To further put these findings in perspective, we identified three major networks that represented the genes associated with those miRNAs that were up-regulated in TP53-mutated tumors and down-regulated in CpG island methylator phenotype-high and microsatellite unstable tumors. The first network has NR3C1 as one of its central components (See Figure 1). NR3C1 is a glucocorticoid receptor that induces apoptotic cell death, via decreased expression of anti-apoptotic proteins, such as BCL2 and MCL1, and induces expression of pro-apoptotic proteins like BCL2-like apoptosis initiator 11 (52). In earlier studies, NR3C1 has been associated with proximal microsatellite unstable tumors, with hypermethylation of NR3C1 being identified as a marker for microsatellite unstable tumors and a marker to differentiate between CpG island methylator phenotype-high and CpG island methylator phenotype-low/negative phenotypes (53). These findings correlate with our identified association between the NR3C1 pathway and tumor phenotype; NR3C1 was down-regulated in our data, suggesting less likely association with CpG island methylator phenotype-high and microsatellite unstable tumors.
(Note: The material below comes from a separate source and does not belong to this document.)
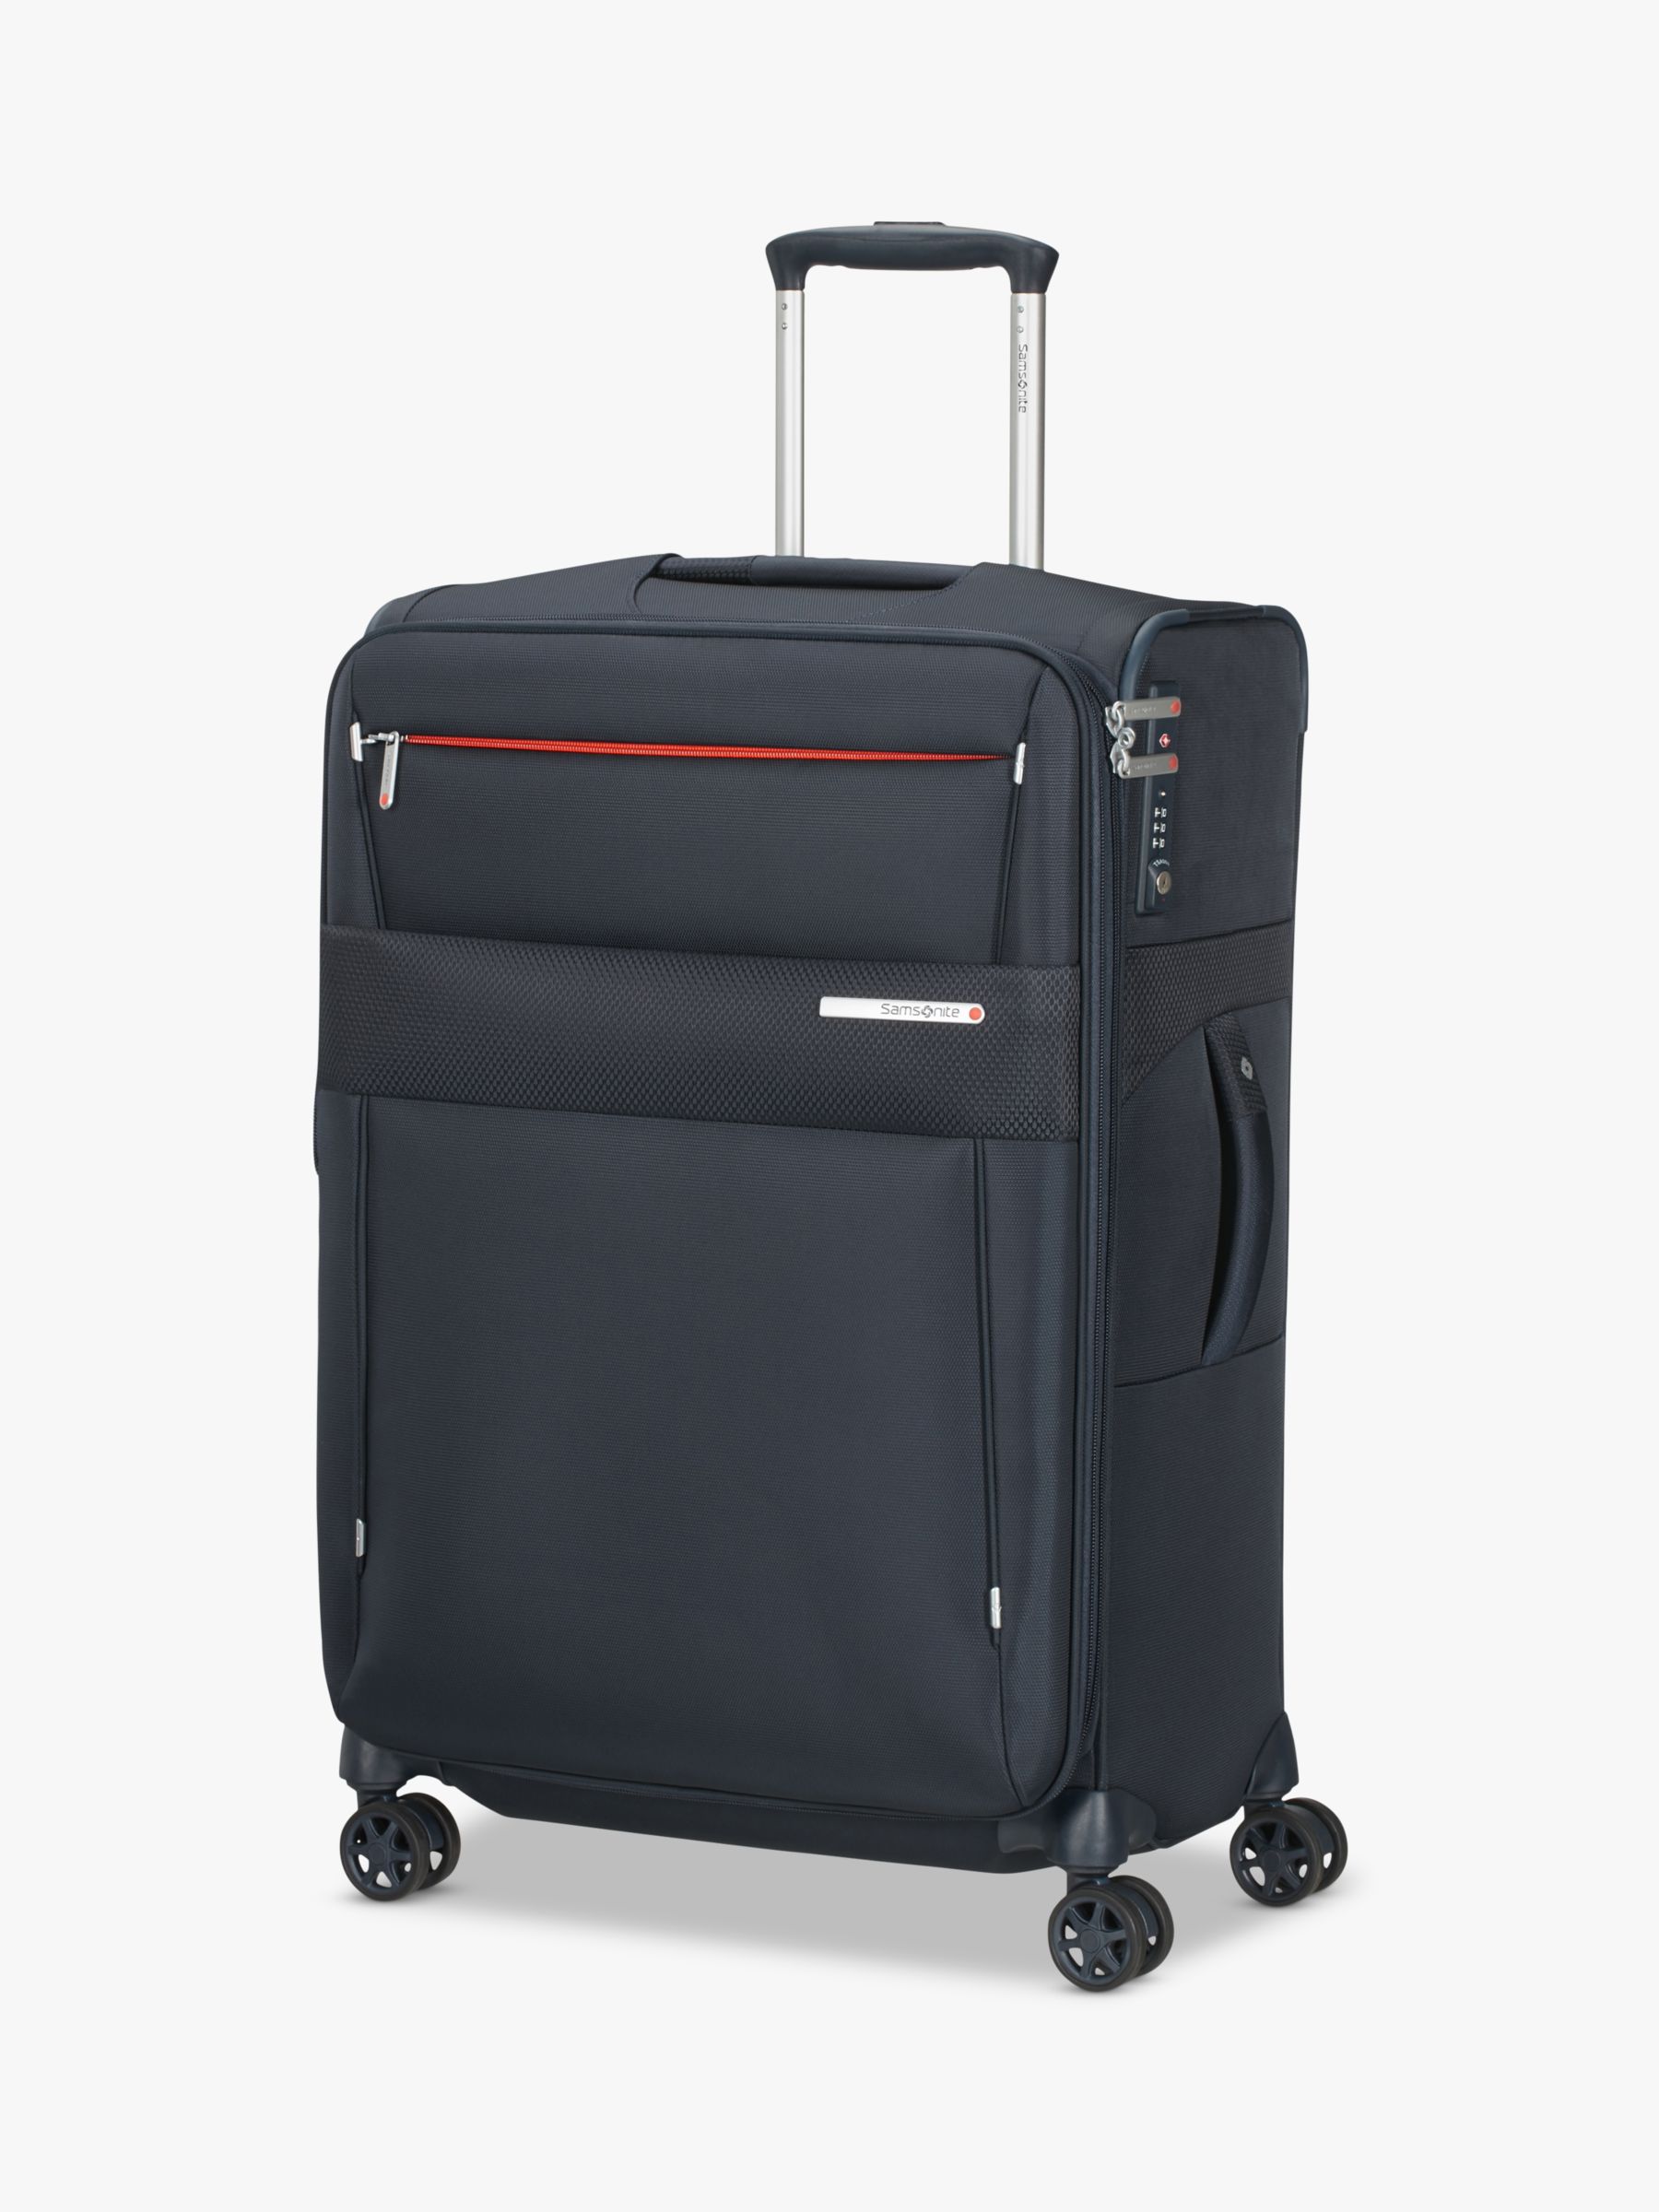 Samsonite Duopack 67cm 4-Wheel Expandable Medium Suitcase at John Lewis & Partners
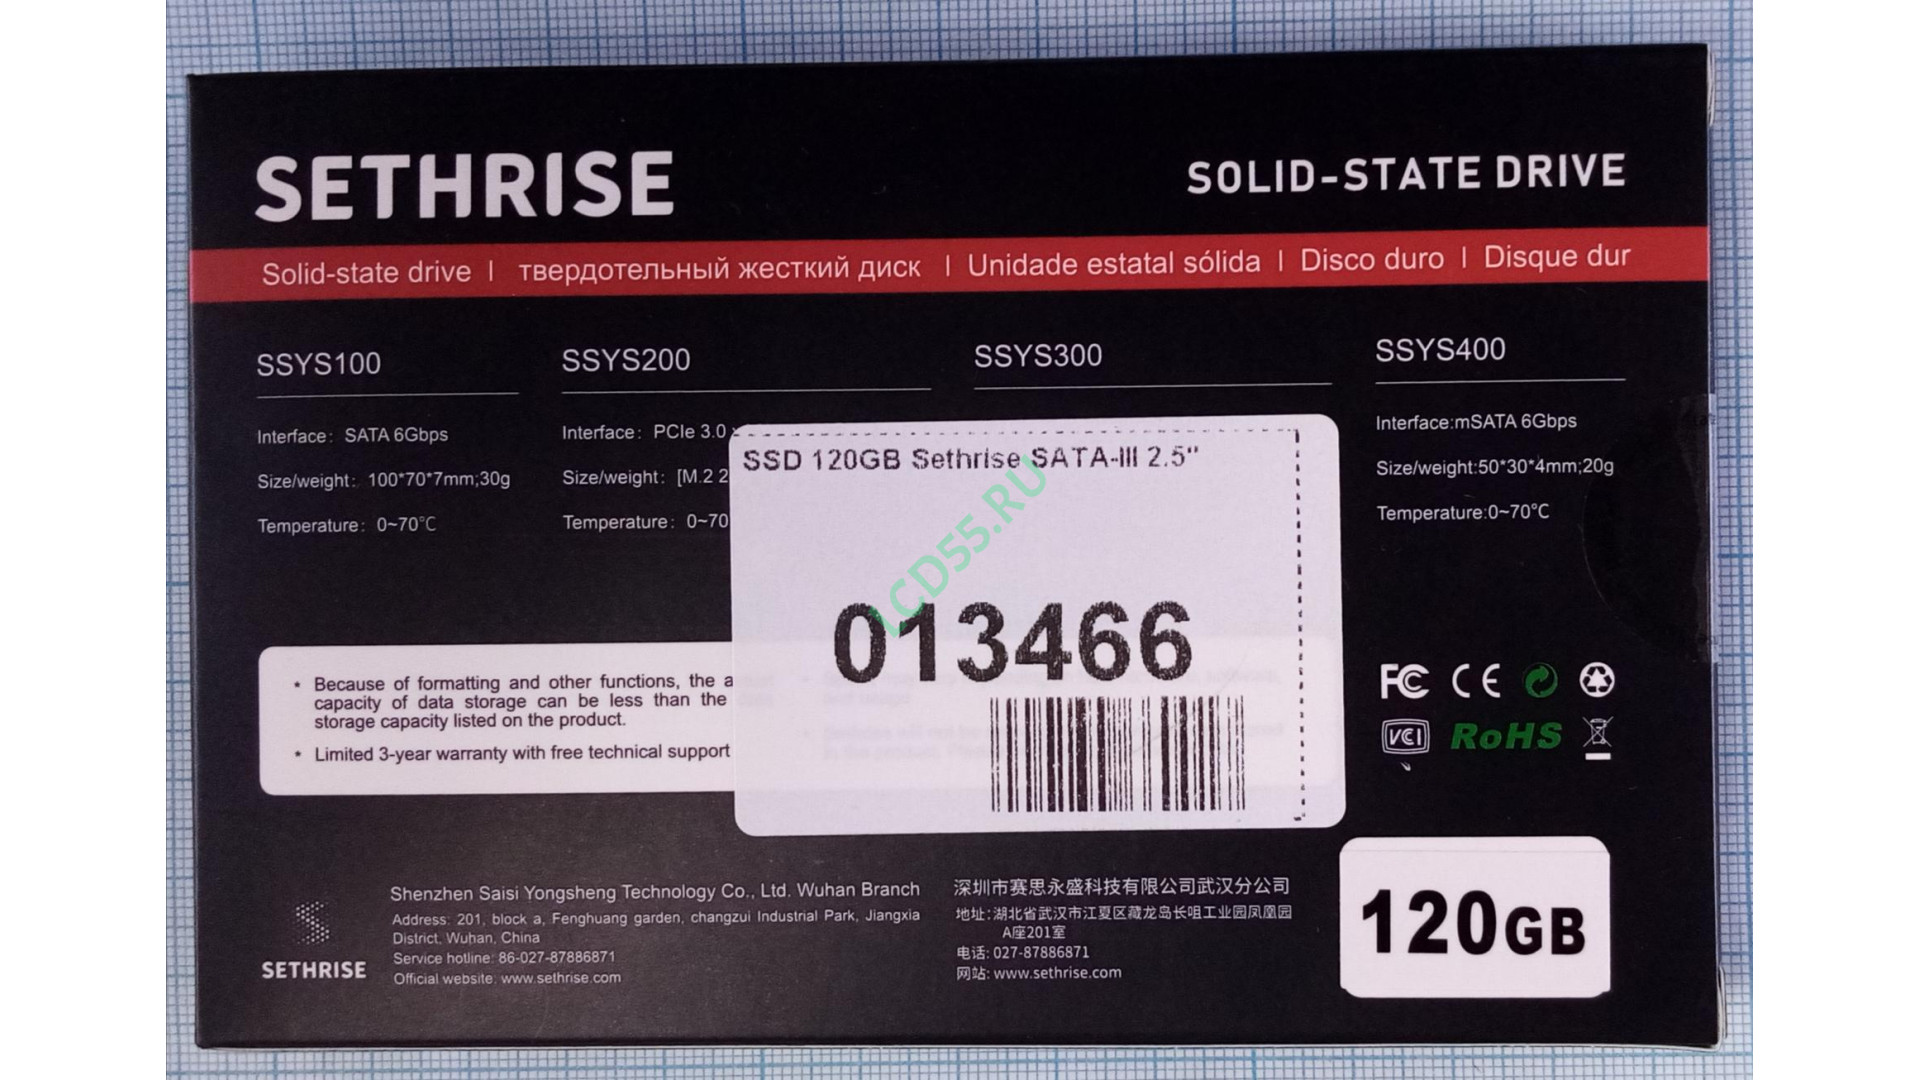 SSD 120GB Sethrise SATA-III 2.5"

Our findings suggest that differential methylation of NR3C1, and its subsequent role in tumorigenesis and phenotype, may be in part due to the dysregulation of previously unstudied, infrequently expressed miRNAs.

The NFkB complex is central in our second Ingenuity Pathway Analysis network and is well known in literature for up-regulating and promoting various pro-inflammatory cytokines and linking various gastrointestinal conditions such as inflammatory bowel disease, diabetes mellitus, and colorectal cancer (54). The classical NFkB pathway plays a major role in linking inflammation to the onset and progression of malignancy in various tissues (55). One pro-inflammatory stimulus includes red meat consumption which has been linked to colon cancer and TP53-mutated tumors specifically (56, 57). A prospective study in Denmark has shown that the combination of polymorphisms in NFκB that down-regulate its expression, and high red meat consumption increases the likelihood of developing colorectal cancer (58). They proposed that lower NFkB activity leads to higher loads of reactive oxygen species secondary to heme degradation, contributing to colorectal carcinogenesis. Moreover, other studies have found that the NFκB pathway to be linked with the TP53 pathway in hepatocellular carcinoma; the crosstalk between these two pathways is critical for the survival of HCC cells in the setting of reactive oxygen species (59). These previous findings further support an association between the NFkB complex and a TP53 molecular phenotype in certain cancers, especially in the setting of pro-inflammatory stimuli. Here we suggest that the up-regulation of infrequently expressed miRNAs may provide an important link between NFκB and its related genes and TP53 phenotype in colorectal cancer.

In our third Ingenuity Pathway Analysis network, MYC encodes for c-myc, a transcription factor often constitutively amplified leading to tumor progression of many cancers. In colorectal cancer, aberrant WNT/b-catenin pathway influences the amplification of MYC, leading to increased cellular proliferation (60). In our data MYC was up-regulated in conjunction with miRNAs that were up-regulated in TP53-mutated tumors. Furthermore, the consensus molecular subtype 2 subtype of colorectal cancer is canonically known to have strong WNT/MYC activation in microsatellite stable tumors; this subtype was also found to be highly correlated with TP53-mutated tumors (61). This suggests that miRNA dysregulation from infrequently expressed miRNAs, may play an important role in MYC’s function in TP53-mutated molecular phenotype.

The study has several strengths and weaknesses. First, given the size of the study and the Agilent Platform used, we can identify and examine the impact of infrequently expressed miRNAs. Many studies are too small to be able to determine associations with infrequently expressed miRNAs. Our dataset is rich, in that we have information on tumor molecular phenotype as well as RNAseq for a subset of these samples to improve our understanding of how miRNAs alter specific genes in colorectal tissue. One of the limitations of the study, which applies to the field of miRNA research, is the difficulty in understanding the pathways and genes associated with miRNA expression, especially when miRNAs alter multiple genes and genes are modified by multiple miRNAs. We have attempted to address this weakness in part by using our colorectal RNAseq data in conjunction with our miRNA data to identify genes that are up- or down-regulated by infrequently expressed miRNAs. In this study we have used adjacent tissue to the tumor as our comparison tissue. However there are limitation that the “normal” tissue is not true normal, although the best tissue available for comparison.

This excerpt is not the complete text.